In several places, the album utilizes found sounds. The opening track begins with a sound much like an engine, and tracks “Heater” and “Okay” appear to co-opt the sound of whistling wind. Multiple songs employ unconventional drones that keen and grate on the senses in equal parts. The album’s sound falls somewhere on the spectrum between Muse and Foster the People, with an overall nasal vocal quality and lyrics ranging from vaguely intelligible to something resembling a performance art piece deliberately distorting acoustics.
Distortion is a motif throughout the album, especially on songs such as the title track, “Esc,” and “The Stitched Together Man,” a track featuring an intro appropriate for running from something menacing in a thriller, and lyrics that flow (or, don’t) like a slam poem.
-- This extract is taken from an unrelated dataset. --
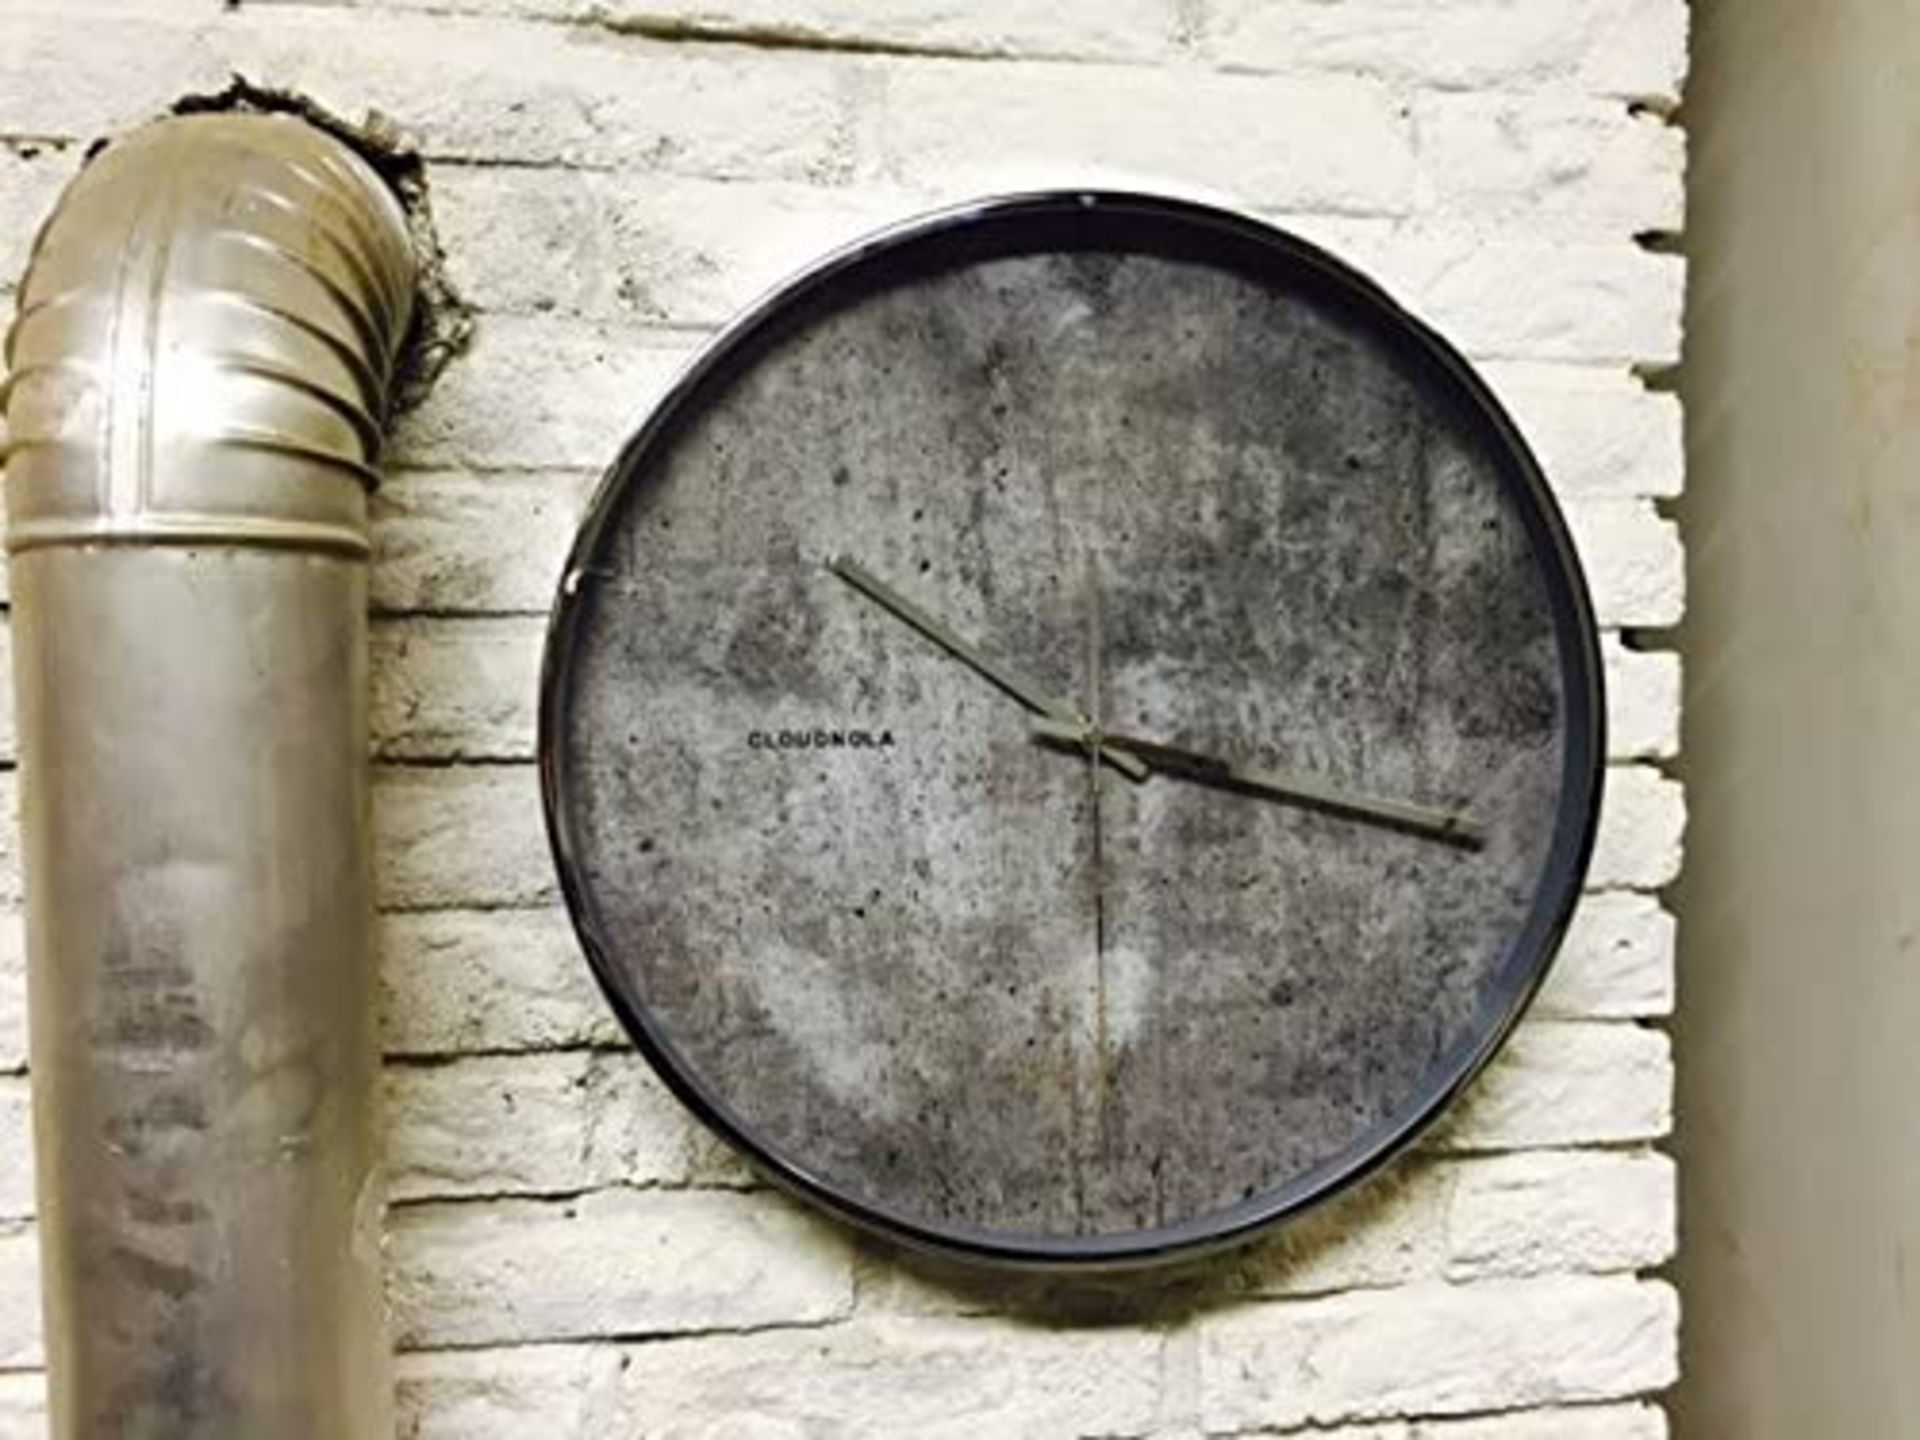 1 x Cloudnola 'Structure' Industrial Style Wall Clock With A Faux Cement Face - Diameter 40cm /

This sort of recitative-style lyrical content is extended on “Swim,” which features a long, drone-heavy instrumental break and lyrics drawn out much like an incantation. The album as a whole errs on the side of atmosphere, with lyrical content that could surely be appreciated on a second or third listen. For those who prefer their electronica a touch more comestible, “Heater” and the more mellow and vaguely memetic “Machine Boi” may be top tracks. Esc has an overarching sense of chaos and forceful texturing that may not be everyone’s cup of tea, but can be summed up by the last track, ambivalently titled “Okay.”